Very nice.  You've got enough DOF to get many of the beads of dew in focus, and your positioning got the plane of focus on much of the web...  Although, I'm curious if you had a shot with the lens more open, as the hexagonal OOF highlights are reducing my enjoyment of your shot.  Looking into the beads, you appear to have two light souces, a flash with diffuser at the top and ambient along the bottom, giving you a mix of bluish and reddish tones...  I'd say, well seen and well done.  Tried doing much the same as you, but not with as good a result.  I think it is partly that the low morning sun requires a low angle to really catch the highlights, and low means getting wet...


----------



## Overread (Feb 19, 2012)

Nice! You got a great reflection off the water so that it looks almost metallic with all those reflected details! 

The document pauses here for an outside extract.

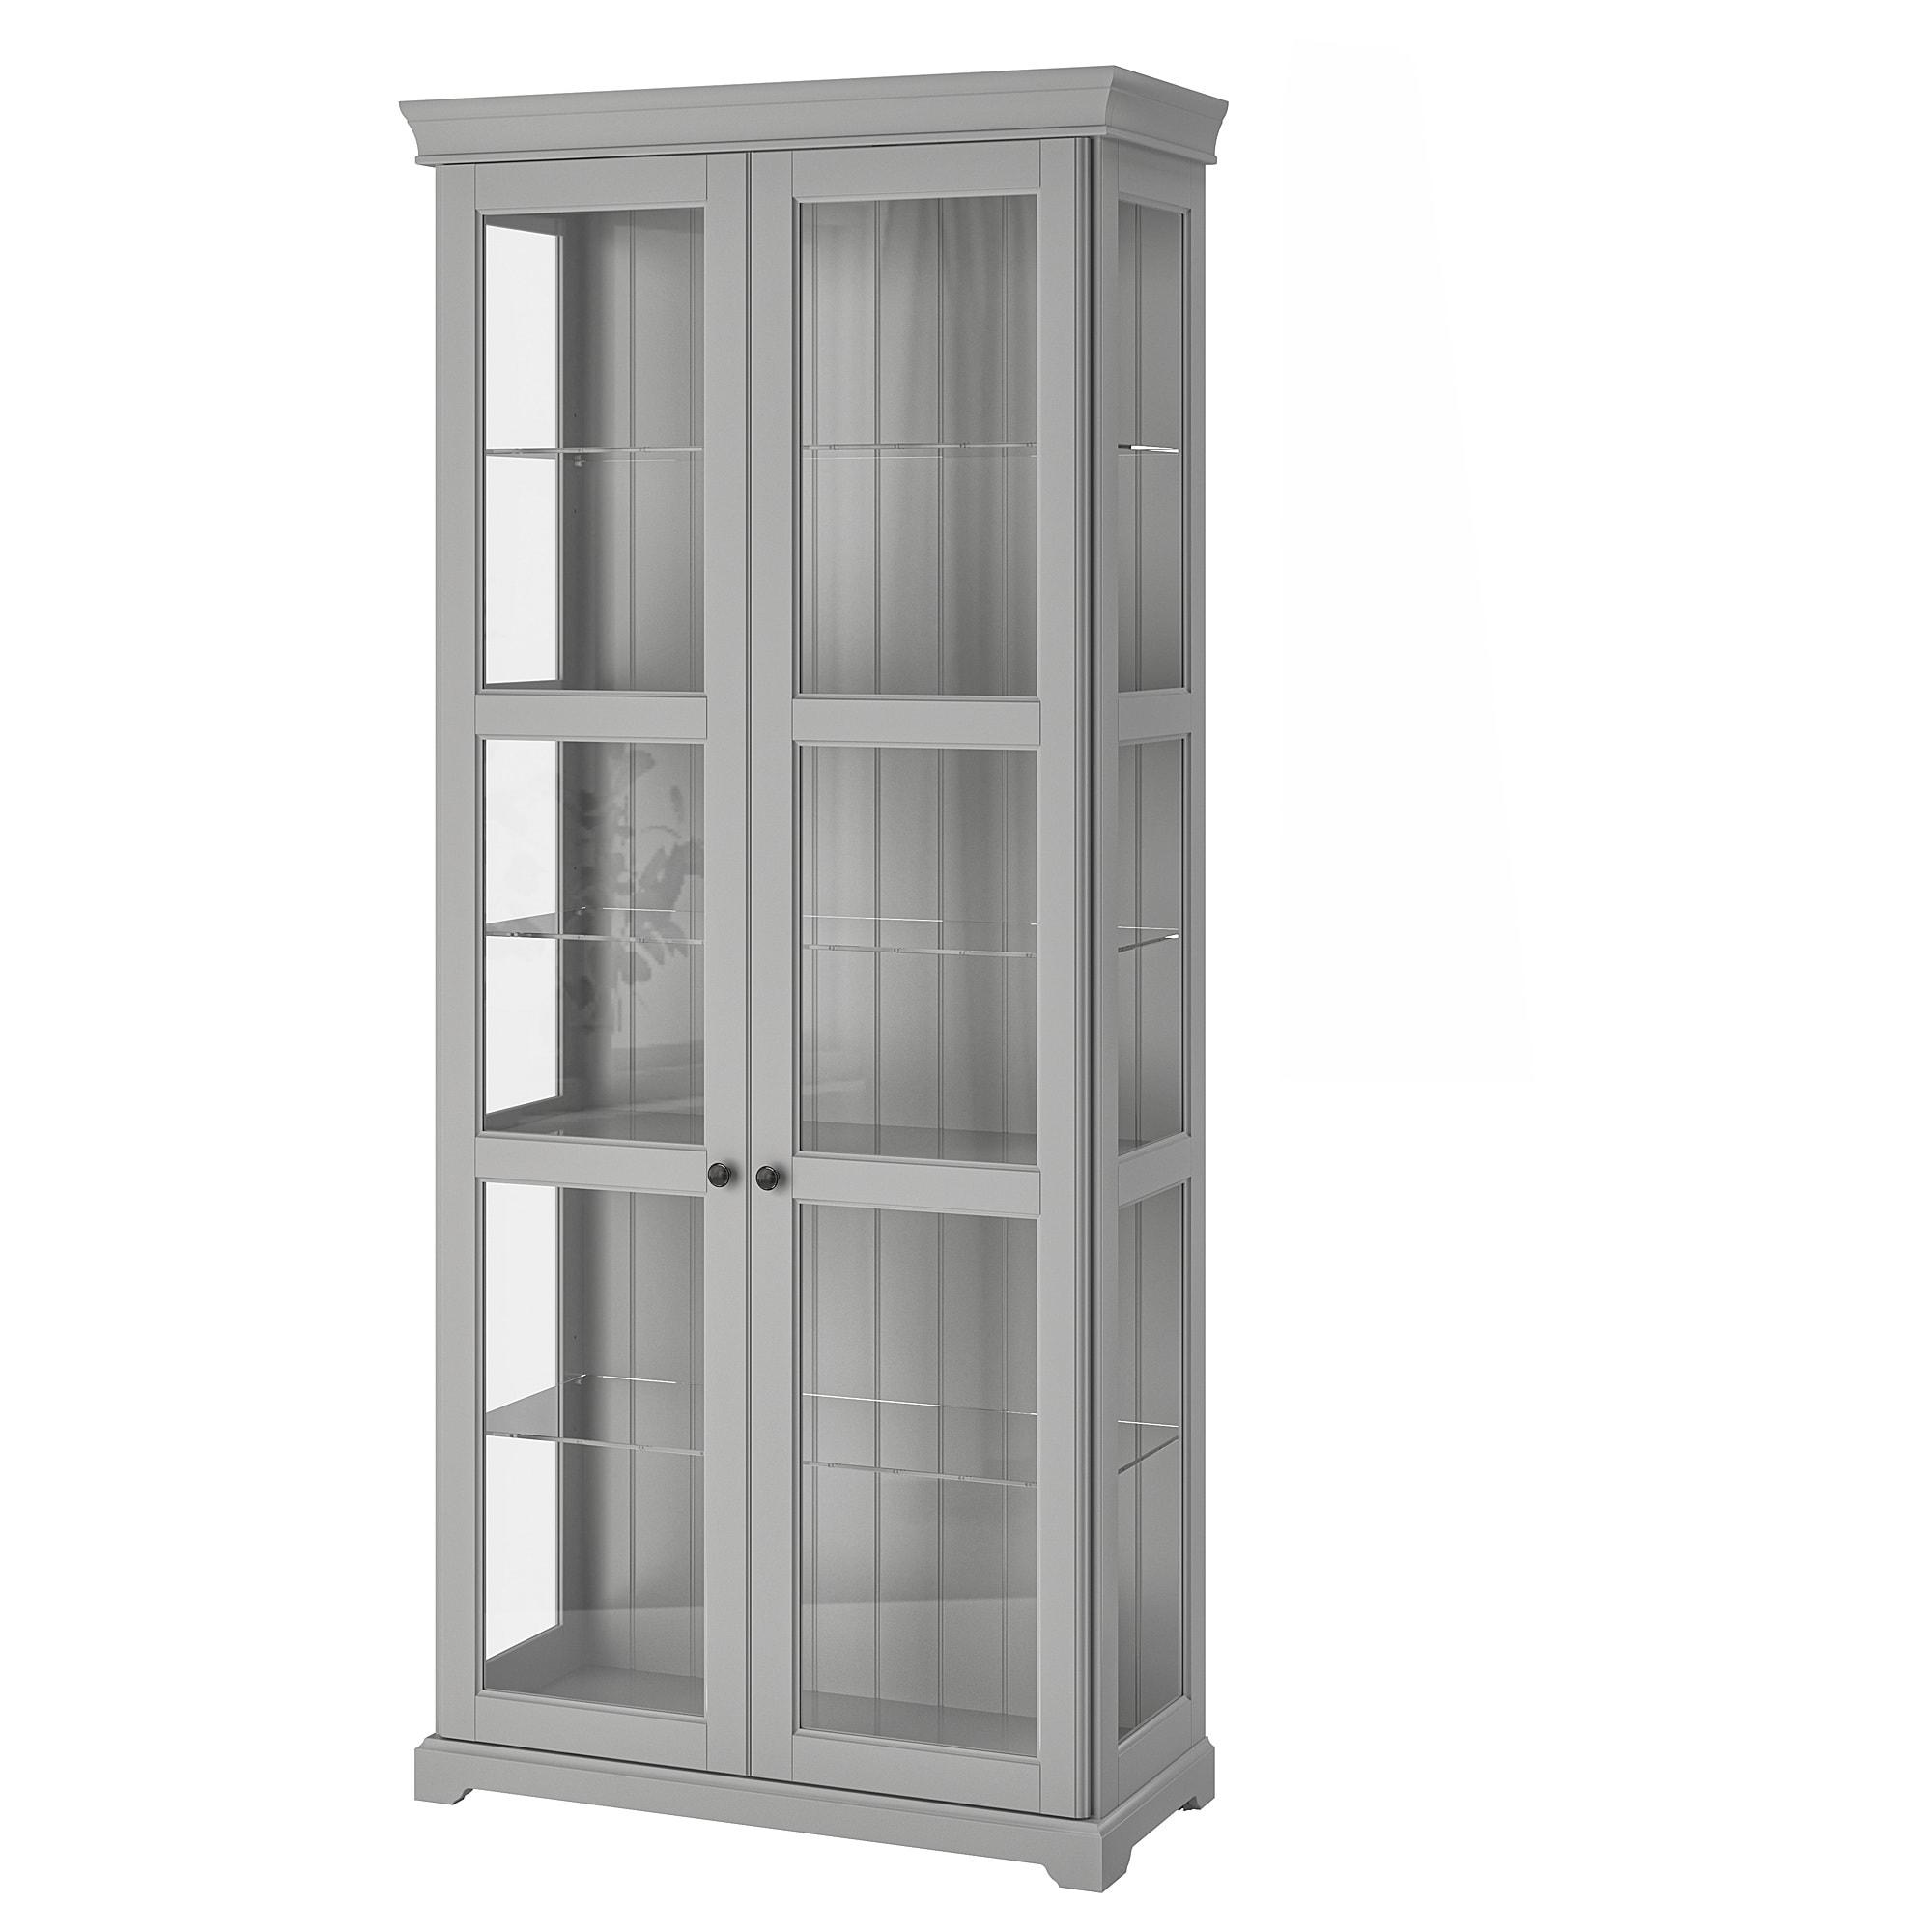 Ikea Us Furniture And Home Furnishings Glass Cabinet Doors Cabinet Decor Liatorp

And yeah the MPE has rather horrible aperture blades - very angular. This is one of those occasions where a microscope element might have been superior in its rendering (esp with focus stacking). It's a shame as otherwise the MPE is (as its showing here) a fantastic lens


----------



## Thunder_o_b (Feb 19, 2012)

Thank you pgriz and Overread  I have a reputation for crawling around on the ground. We were the backup shooters at a friends wedding, at the reception Sunhawk (my wife) turned to say something to me and I was gone. Looking around she saw me down in the weeds in my suit shooting some bugs. She just shook her head and continued with the conversation with her friend. Got a fairly good shot of an assassin bug :mrgreen:

Interesting what different people like and dislike. I chose this rather mediocre shot to play with because I found the angular highlights fascinating 

But I agree that Canon REALY needs to update this lens, I mean really, at what it costs they could do better.

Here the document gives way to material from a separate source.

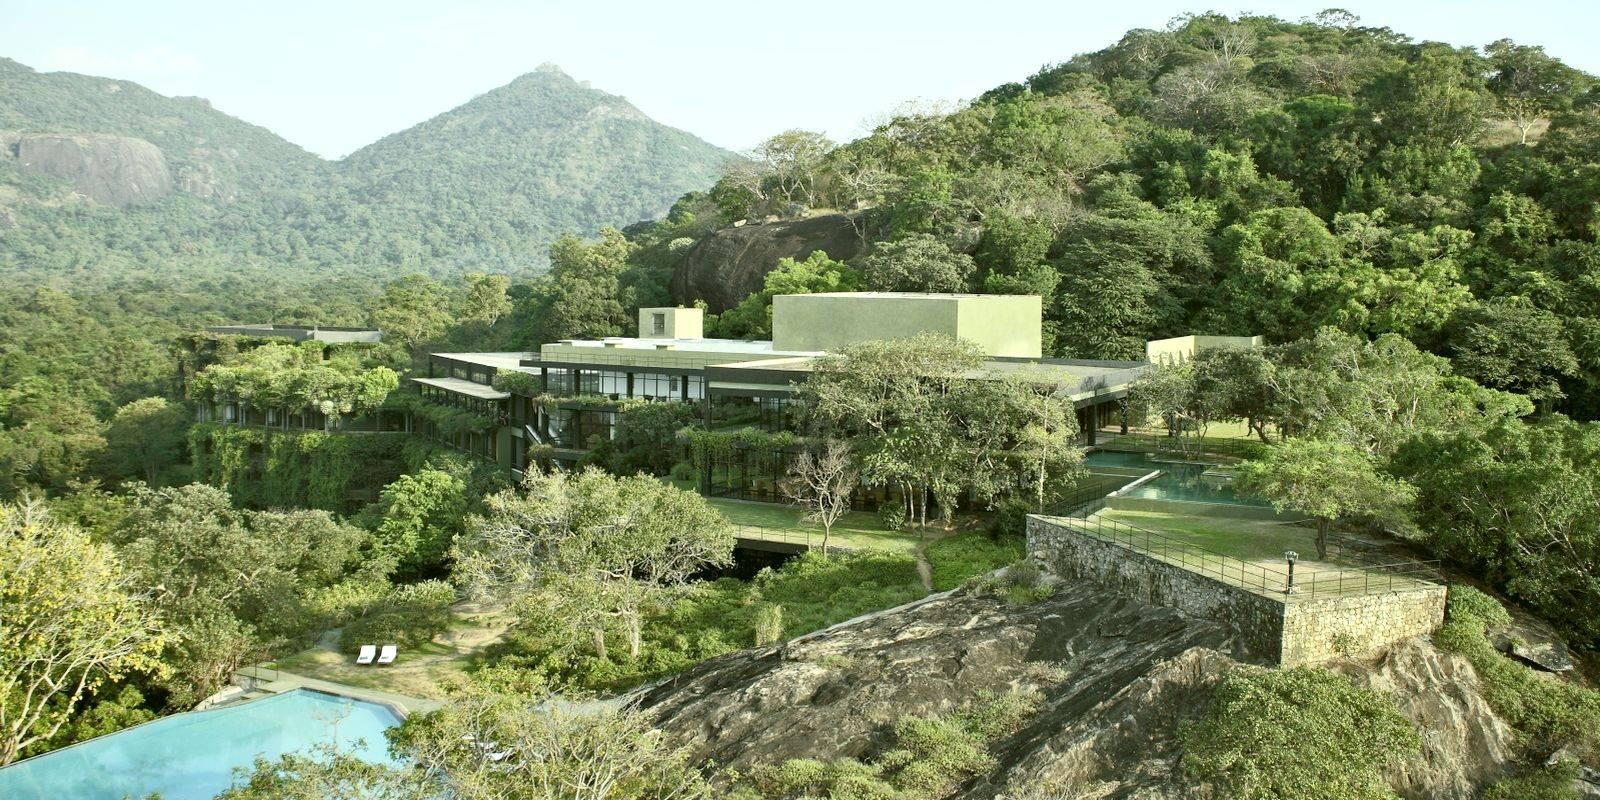 Пример концепции критического регионализма - отель Кандалама на Шри-Ланке

Thank for your input and ideas, it is very helpful


----------



## Overread (Feb 19, 2012)

Sadly I think its market is just too limited - though I've often wondered if Sigma would ever try to take that market share considering that they keep 5 macro lenses on the market themselves. An updated MPE and updated twinflash would be fantastic (that twinflash needs a silencer on it at least for its recharging - though I find combined with a battery pack like a Pixel its a lot more usable - esp with the faster refresh speed).


----------



## Thunder_o_b (Feb 19, 2012)

Overread said:


> Sadly I think its market is just too limited - though I've often wondered if Sigma would ever try to take that market share considering that they keep 5 macro lenses on the market themselves. An updated MPE and updated twinflash would be fantastic (that twinflash needs a silencer on it at least for its recharging - though I find combined with a battery pack like a Pixel its a lot more usable - esp with the faster refresh speed).

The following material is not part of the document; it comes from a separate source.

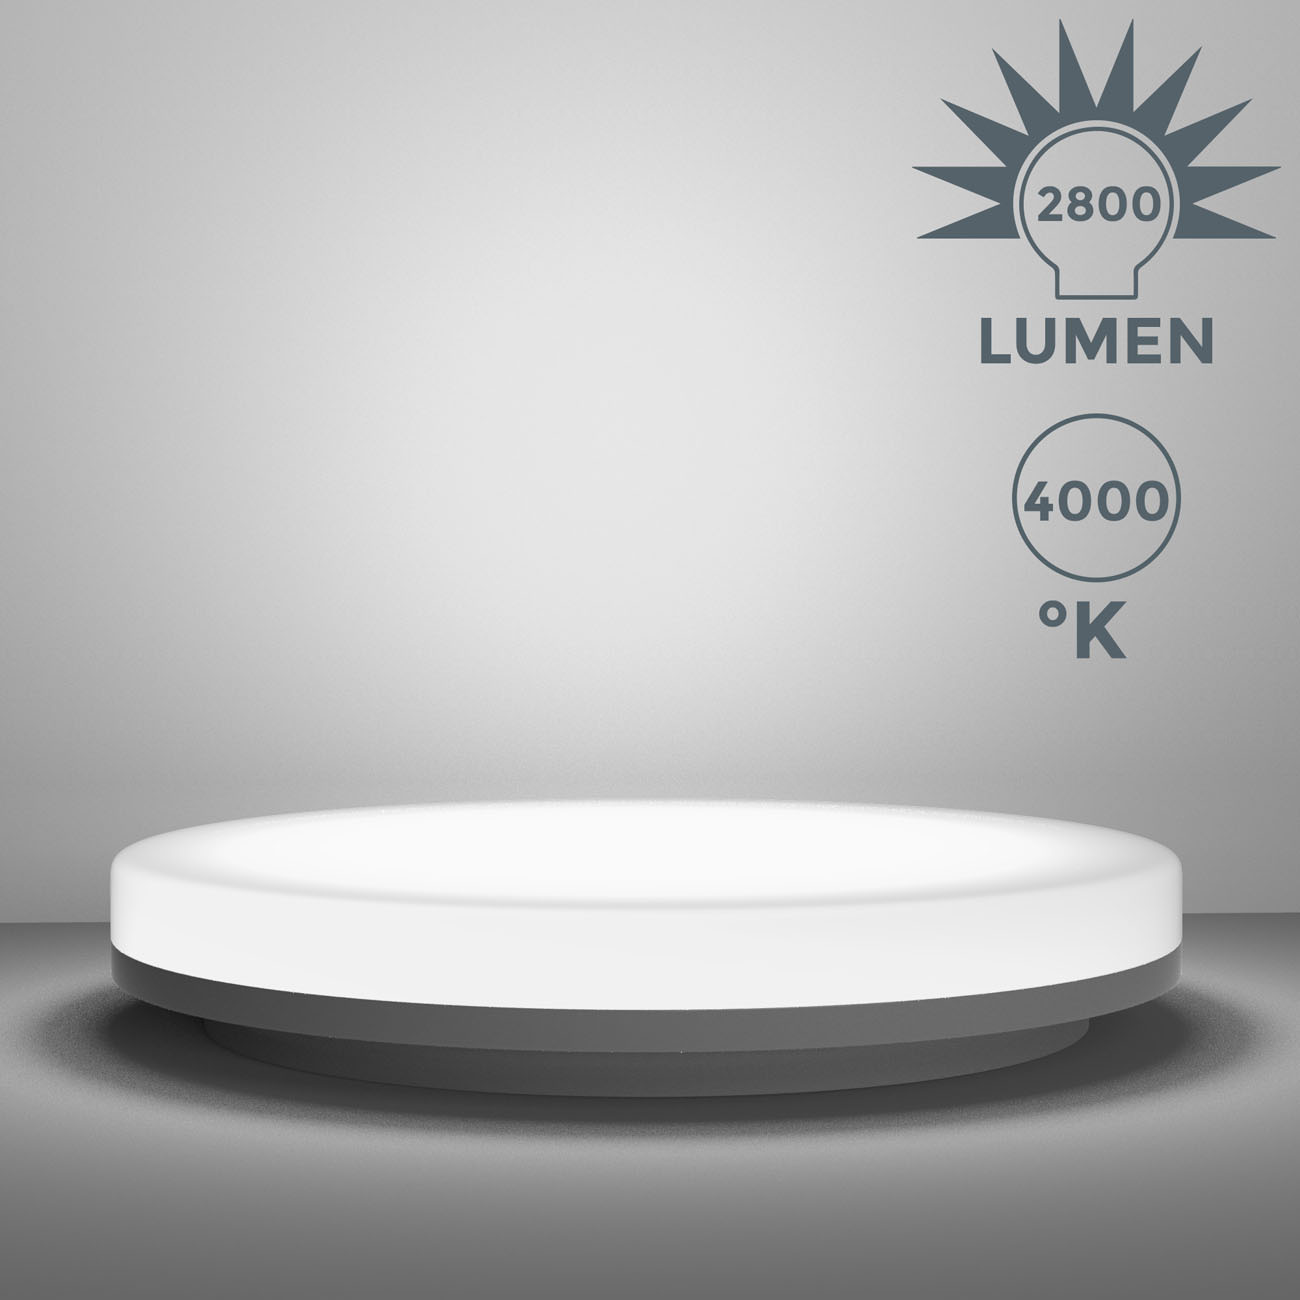 LED Deckenleuchte Badlampe IP54 L - 4

I have been singing the blues (I do have a nice voice ) about this lens and the MT-24 flash for a while now. I wish that they would update the flash to the 580EXII's specks, and making it wireless like the Nikon would be even greater. (is that Arrow Smith playing "Dream on" in the background?)

As good as my Sigma non IS 150mm f/2.8 is, I would love to see them do a lens like the MP-E65. I am eying the 180mm f/2.8 IS macro that they are going to be releasing, but I really need (there is that word again) the 50mm 1.4 they have.


----------



## Overread (Feb 19, 2012)

Ahh I've got my eye on the 150mm OS - I've got the original of that lens and would really like to have the addition of the OS for regular shooting. The 180mm OS is interesting, but I'll wait and see how heavy its going to turn out - considering that its f2.8 it might well end up being a much heavier lens. Then again a little wider does allow for a brighter viewfinder and some more creativity. 

As for the twinflash - I actually think it works better without being wireless - if it were wireless the flashheads would have to be heavier to accommodate the capacitor and batteries. which puts more weight frontend on the setup. That said I do find that swapping the heads over so that their cables cross helps to keep the cables a little more in control (I've even known some to put velcro on their setup to help hold the cables in place.


----------



## Thunder_o_b (Feb 19, 2012)

Overread said:


> Ahh I've got my eye on the 150mm OS - I've got the original of that lens and would really like to have the addition of the OS for regular shooting. The 180mm OS is interesting, but I'll wait and see how heavy its going to turn out - considering that its f2.8 it might well end up being a much heavier lens. Then again a little wider does allow for a brighter viewfinder and some more creativity.
> 
> As for the twinflash - I actually think it works better without being wireless - if it were wireless the flashheads would have to be heavier to accommodate the capacitor and batteries. which puts more weight frontend on the setup. That said I do find that swapping the heads over so that their cables cross helps to keep the cables a little more in control (I've even known some to put velcro on their setup to help hold the cables in place.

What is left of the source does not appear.